Exercise requirements:
A faithful copy of the data, pictures omitted, is the required answer.

Supplied material:
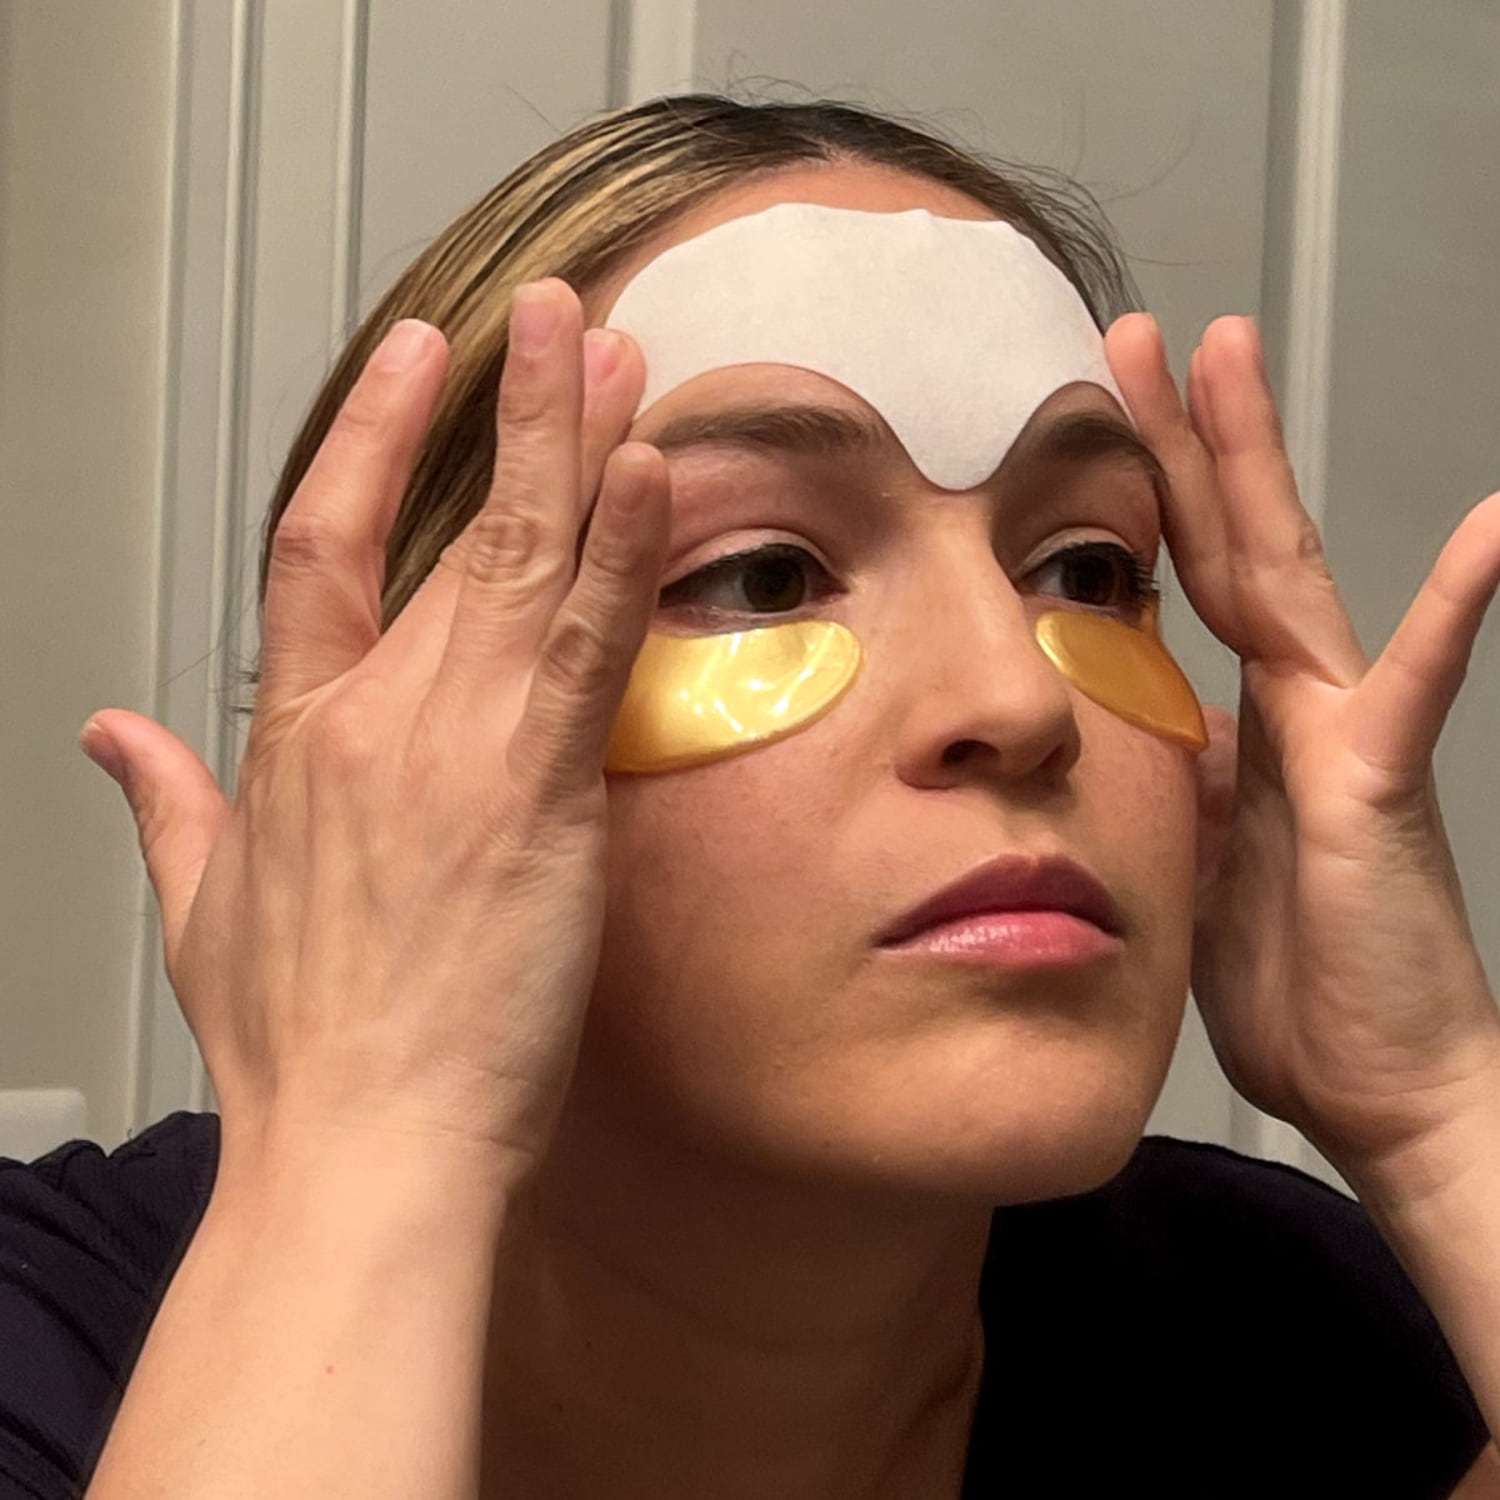 Do wrinkle patches really work?
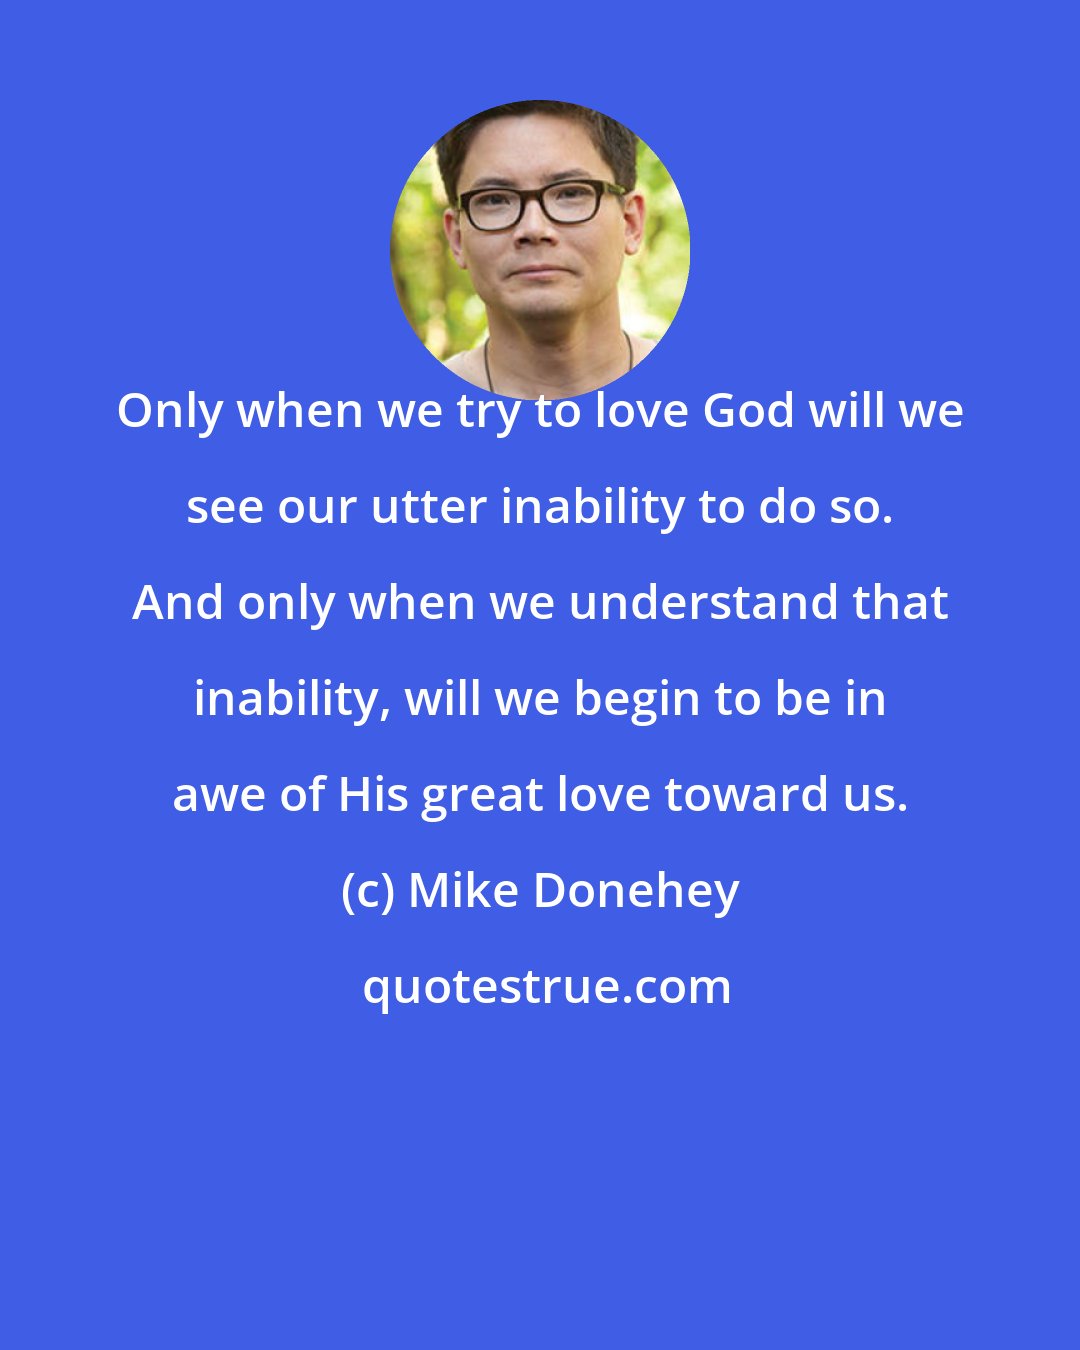 Mike Donehey: Only when we try to love God will we see our utter inability to do so. And only when we understand that inability, will we begin to be in awe of His great love toward us.
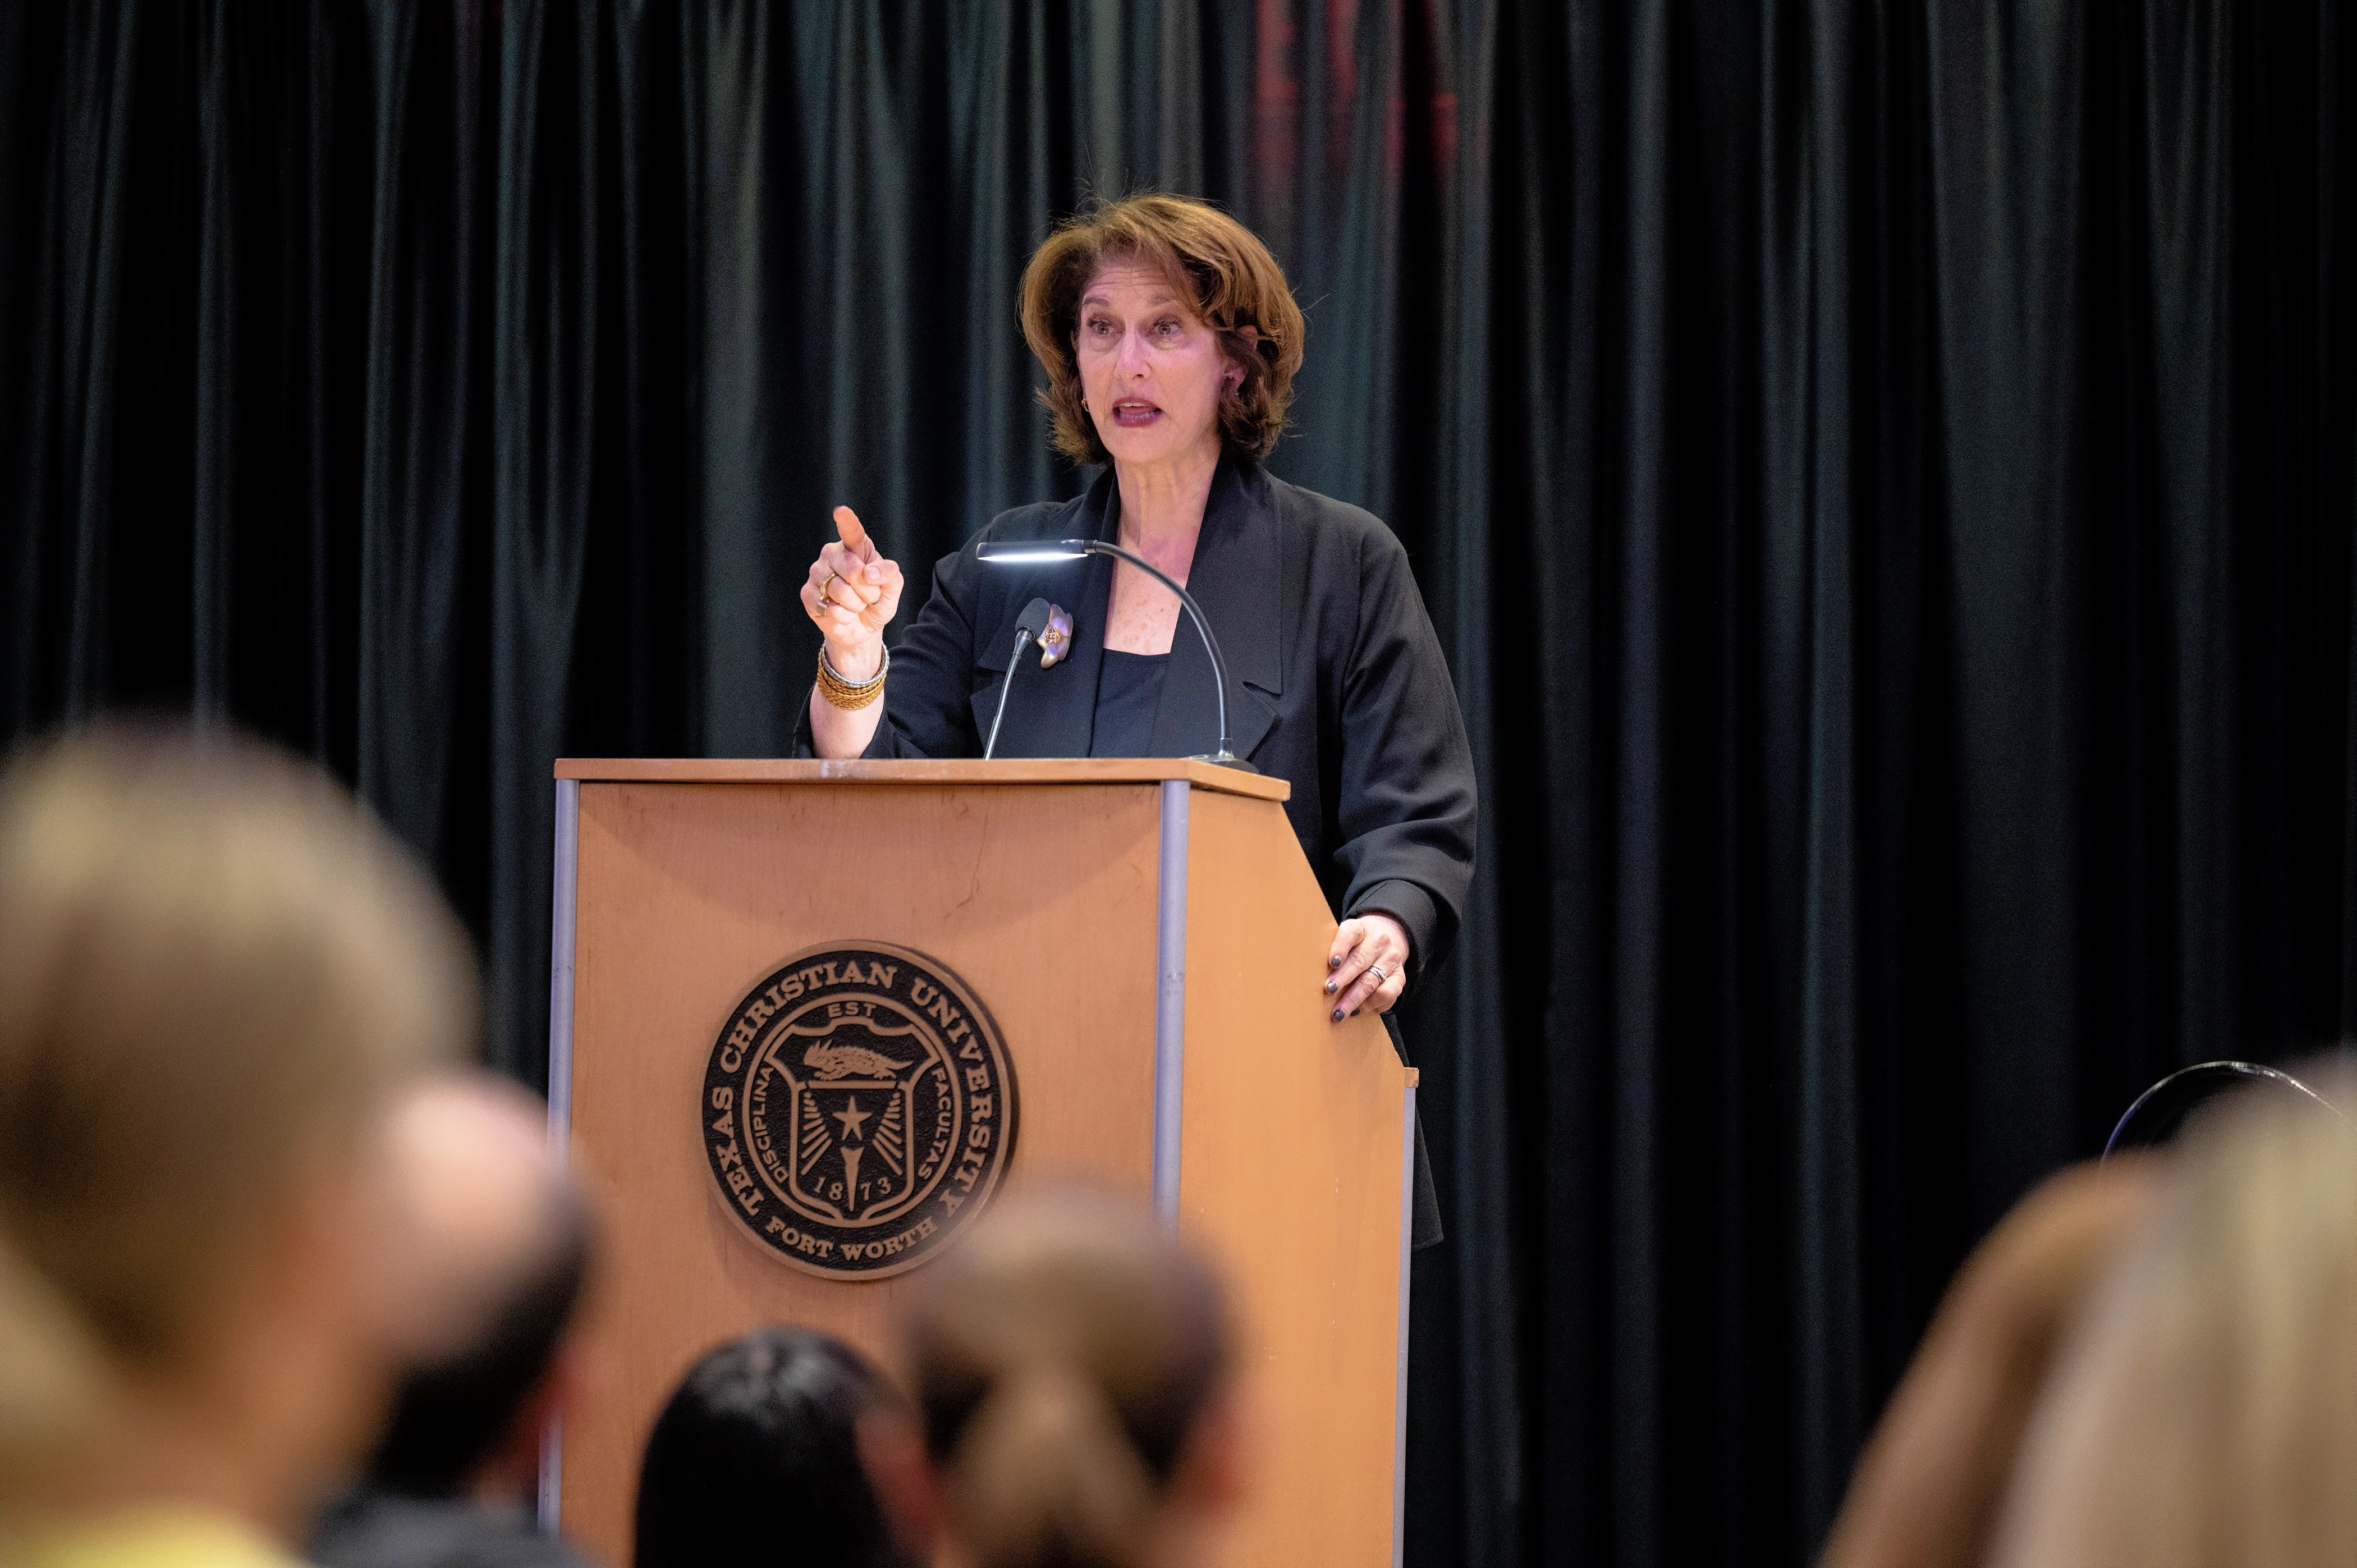 NPR national political correspondent Mara Liasson delivers remarks at the 2022 Robert D. Alexander Lecture

Task answer:
 Do wrinkle patches really work?
 Mike Donehey: Only when we try to love God will we see our utter inability to do so. And only when we understand that inability, will we begin to be in awe of His great love toward us.
 NPR national political correspondent Mara Liasson delivers remarks at the 2022 Robert D. Alexander Lecture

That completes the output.